Current CO2 levels are about 392 parts per million. Scientists predict that if changes aren’t made soon, it will be impossible to avoid some of the worst effects of global warming, including rising ocean levels, more extreme weather events, water shortages, accelerated species loss and disrupted economies and food supplies.
In addition to emphasizing the necessity of reaching 350 ppm, the report outlines several ways to reach that goal. All will require a peak in global carbon pollution in the very near future, followed by a rapid decline. “The longer we delay, the more difficult it will be to avoid the devastating impacts of climate change,” said Shaye Wolf, the Center’s climate science director and another lead author. “The good news is that we can do this. Existing technologies can phase out coal in the United States by 2030, a vital step in achieving 350.”

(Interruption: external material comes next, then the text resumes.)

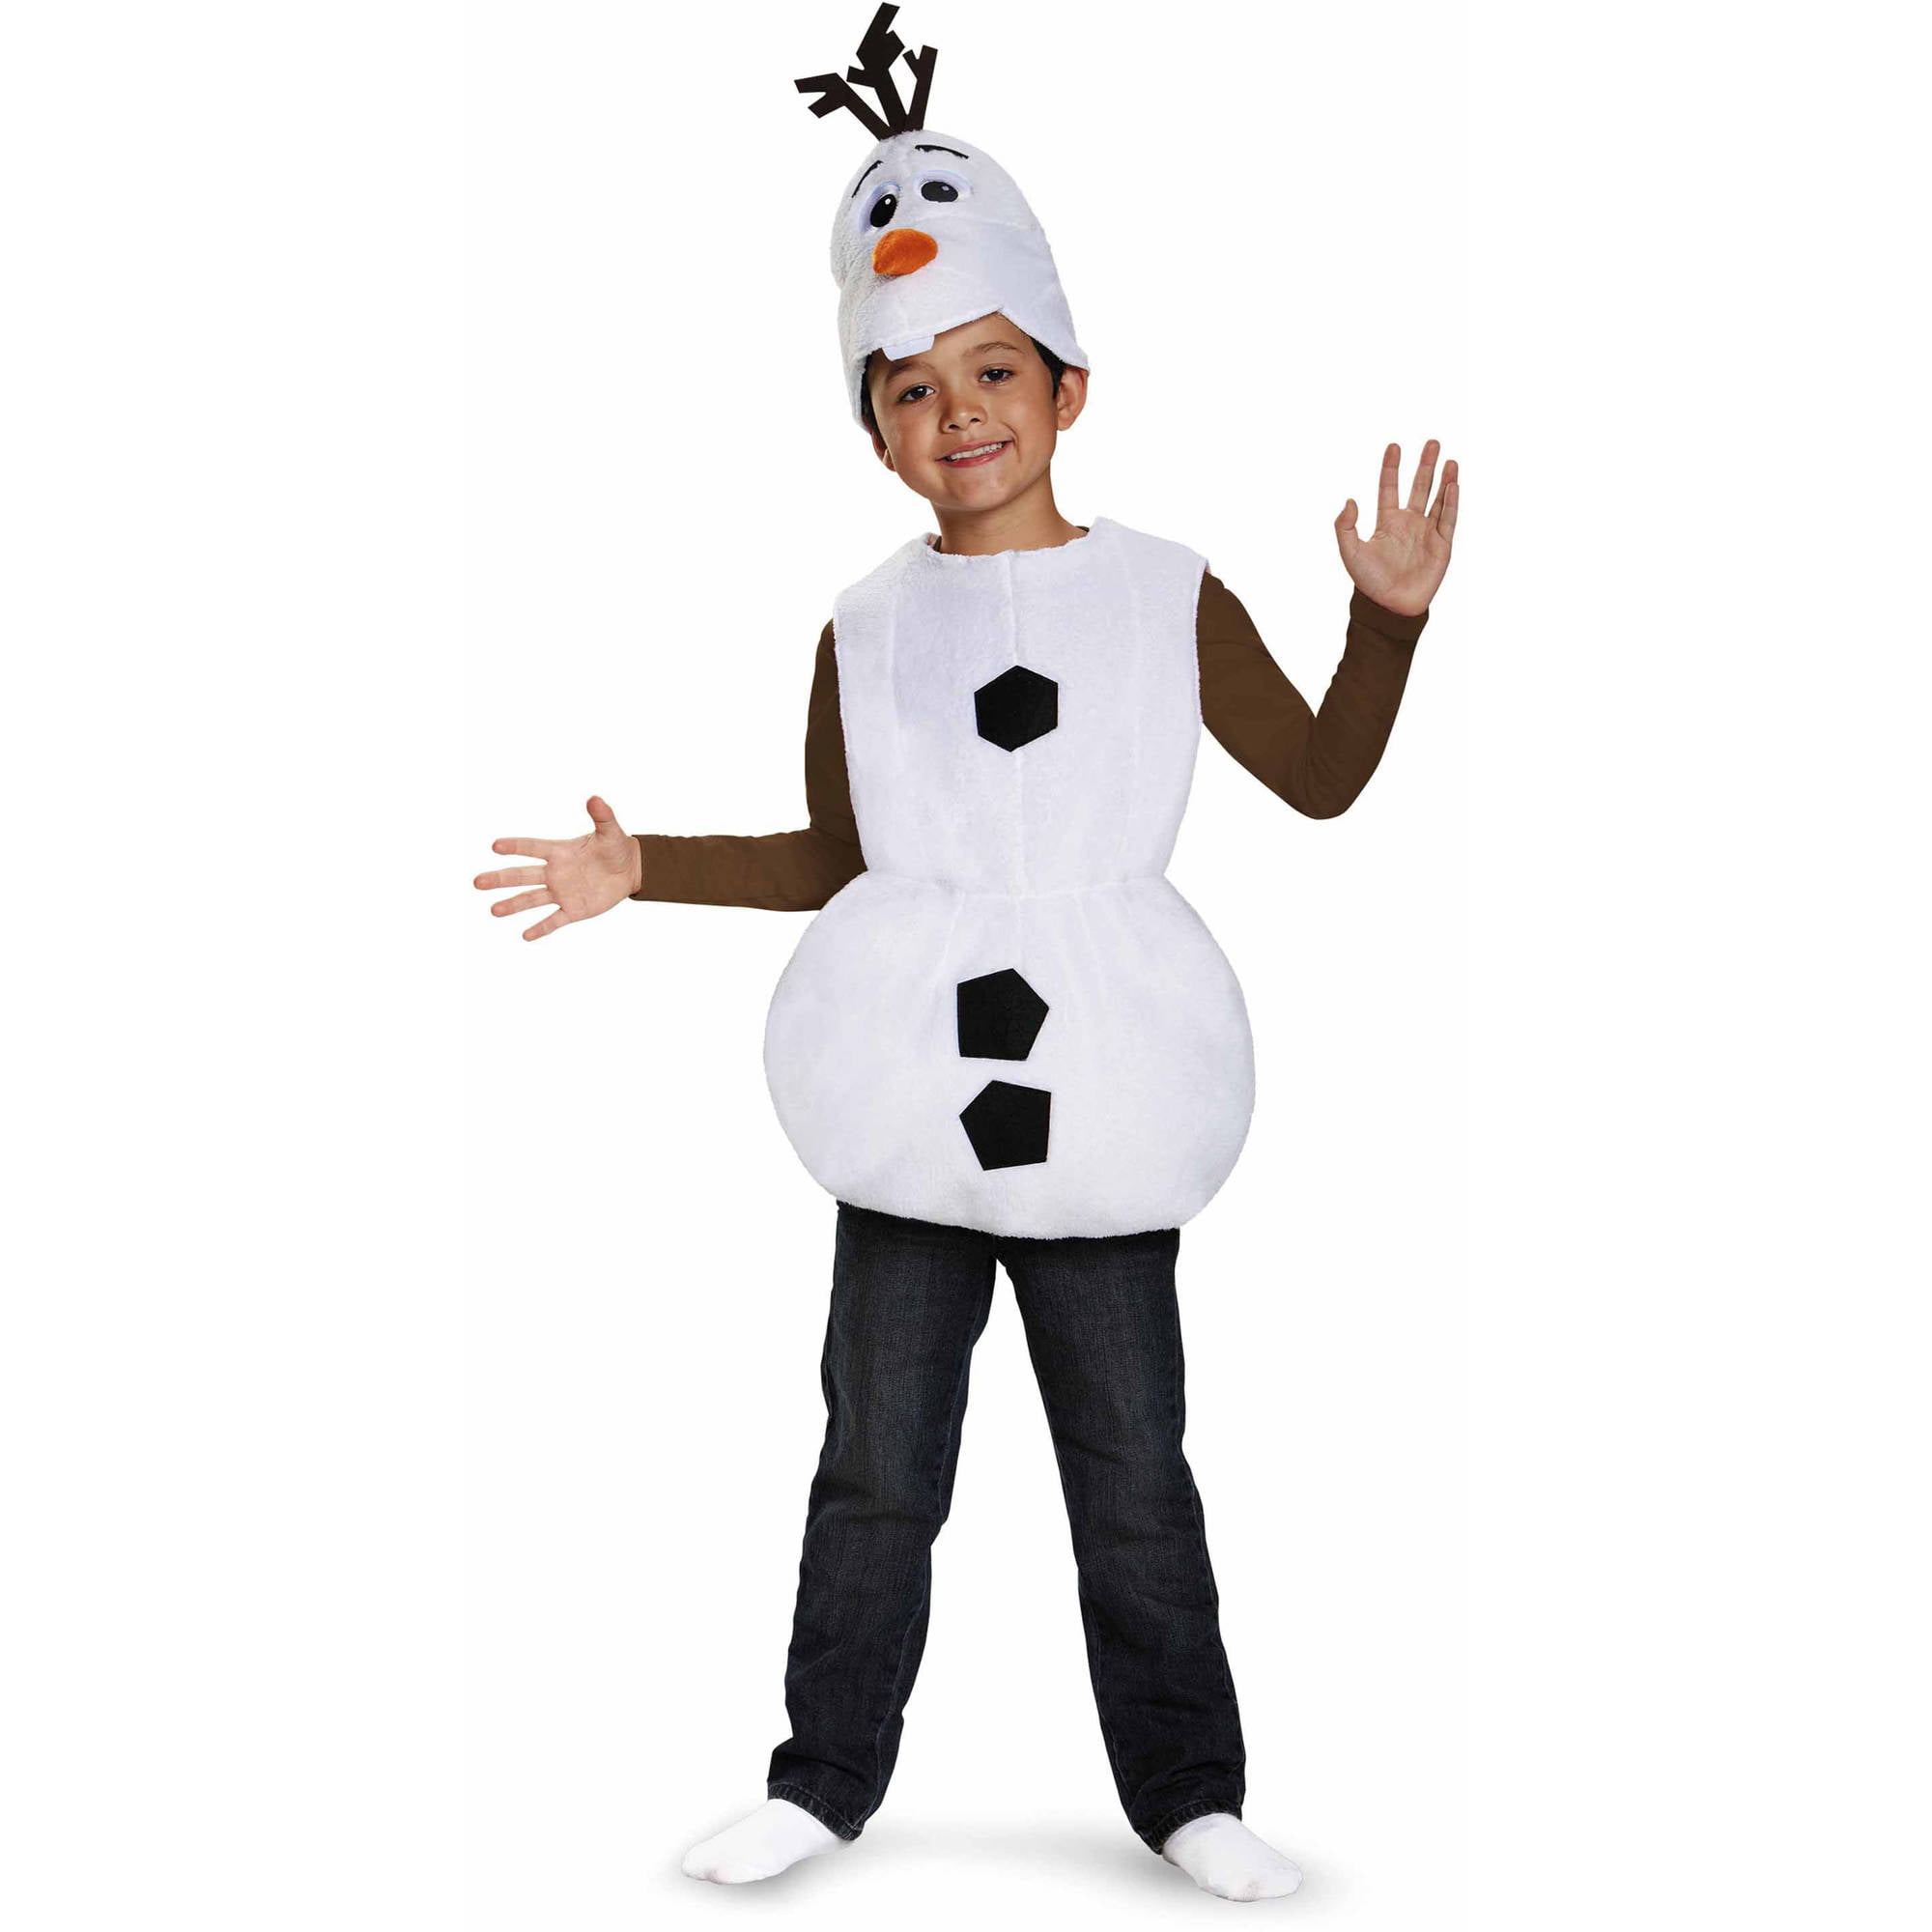 Frozen olaf basic toddler halloween dress up role play costume 3t/4t - Walmart.com

The report identifies the safest path to 350 ppm as the one put forth by preeminent climate scientist Dr. James Hansen and his colleagues. The 350-ppm-by-2100 plan can be achieved by reducing global greenhouse gas pollution to 42 percent below 1990 levels by 2020. It also requires dramatic reductions in fossil fuel emissions; carbon sequestration; and an end to large-scale deforestation.
The current talks in China precede November’s UN Climate Change Conference in Cancun, falling just before 350.org’s Global Work Party to stop climate change Oct. 10.
“As UN talks resume, we have one clear message for delegates: The whole world is getting to work solving the climate challenge and showing the solutions that will help get us to 350 ppm,” said May Boeve, 350.org’s partnerships director. “If we can get to work, so can our world leaders.”